Peta Kaplan turned 70, and she has been a swimming
administrator for most of those years. She ran primary school swimming in
Joburg when I met her and then became involved in Usassa and later the Gauteng
Education Department as a sports development officer. She drove the agenda of
transformation and accessibility to all, hard, which many of those who were
running the sport at school level, me included, found uncomfortable. But she
was right, of course. She has dedicated her life to sport for children and to
swimming in particular. She is a tiny woman but also a giant. Happy birthday
Pete.
Jeppe put 670 boys and 75 teachers on 15 busses and sent
them to Durban to compete against Westville Boys’ High in nine different codes
over the weekend. They call it an ‘exchange’ – Westville were up here last year
and they’ll be back in 2024. It’s a massive undertaking, and its not the
biggest exchange around either – Pretoria Boys High sent quite a few more teams
to Maritzburg College a few weeks ago – but I saw the prior arrangements being
made, and I was on the WhatsApp groups over the weekend and I can tell you it
was run like a military operation. The busses all got back more or less on
schedule on Saturday night and not a single child was lost. Exchanges are
becoming part of the boys schools sporting calendar, it’s a way of getting
every boy a game, which doesn’t happen every weekend in their own towns. And,
of course, there all the other lessons taught and learned on an excursion like that:
a long bus trip with your team mates, being hosted by families at the other
school, playing new opponents, seeing what other schools look like etc. Jeppe
won both the 1st team games, rugby and hockey, not a mean feat
following an eight-hour bus trip and a night in a strange bed the day before.

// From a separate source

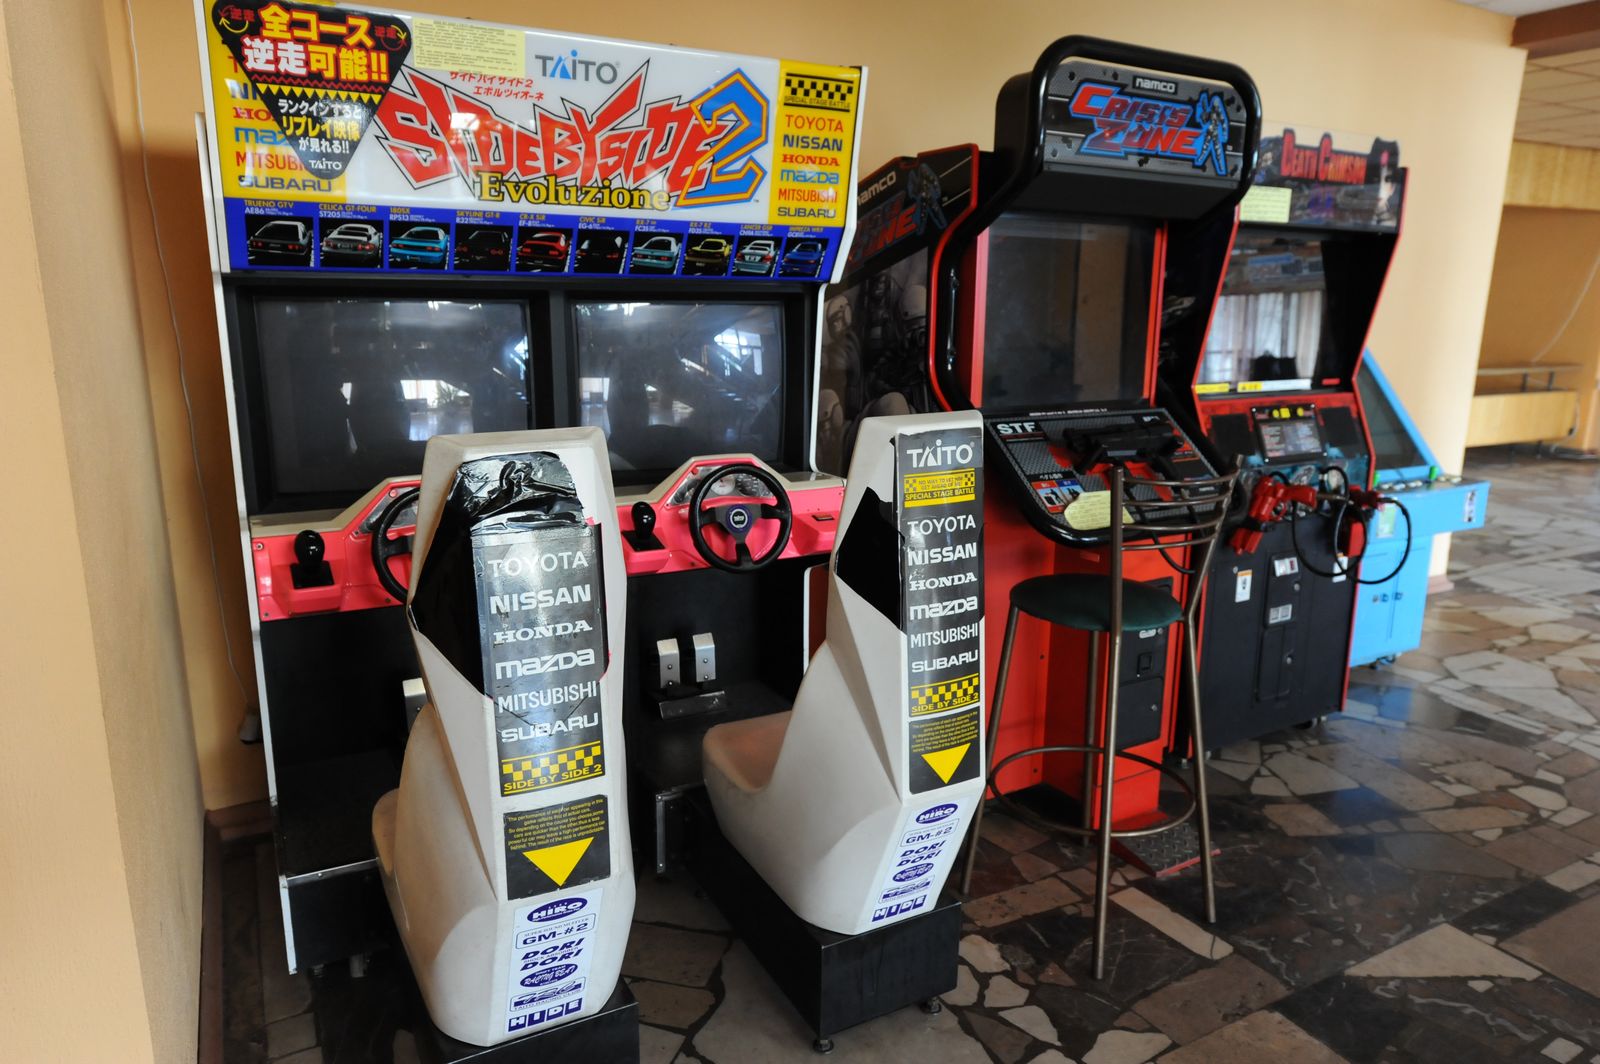 бизнес игровые автоматы в магазинах
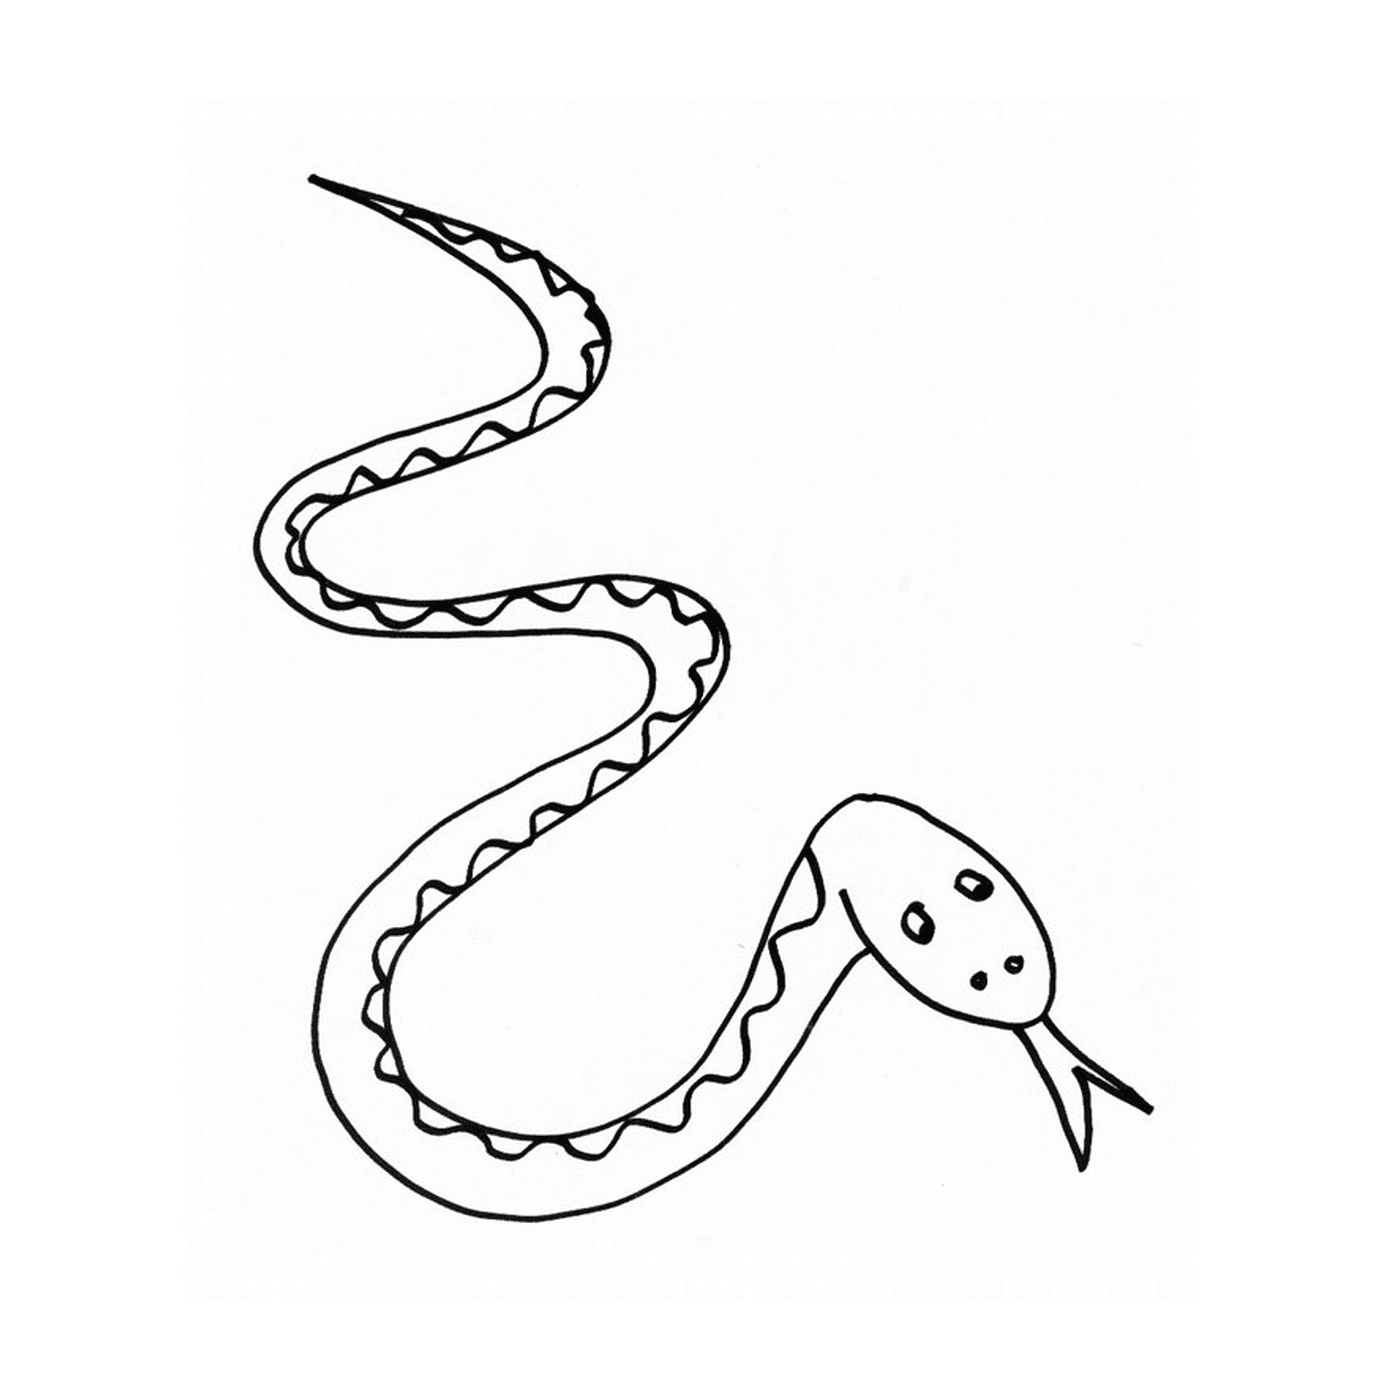  Un serpente disegnato

Because Jeppe was away in Durban on Saturday I was able to go to the KES vs
Parktown fixture. Some have expressed concern at the one-sidedness of the rugby
games, and they are right, but I saw other victories for Parktown on the day
(other than the very real 3-2 win for their 1st hockey team). They
definitely won the spirit and support battle in the stands. They fielded 14
rugby and 12 hockey teams, which meant a lot of boys were given the opportunity
to compete. And you couldn’t fault a single Parktown boy on uniform, appearance, manners and sportsmanship – and rugby is only a vehicle for teaching those
life skills, after all.
At a post-match function, many years ago, we were bemoaning
the fact that none of our teams could ever beat King Edward’s, when the great
Paul Schutte (the old toppies out there will know who that is) said he believed
that if an angel dropped out of heaven he would have number 10 on his back and
he’d land at 44 St Patrick Road. In retelling that story over the years I’ve
added in that there’d be two of them and the other one would wear number 2. Well,
I saw a 10 and a 2 there on Saturday who might confirm that – except they never
fell out of the sky, I know, they’ve been there all along. I’ve seen KES play
several times this year and those two are never far away from anything good the
team does. There have been some fabled hookers and flyhalves to come out of
that school and they are carrying on that tradition. And like two of their
predecessors who stand out in my memory – Kali and Ntubeni – they are black boys.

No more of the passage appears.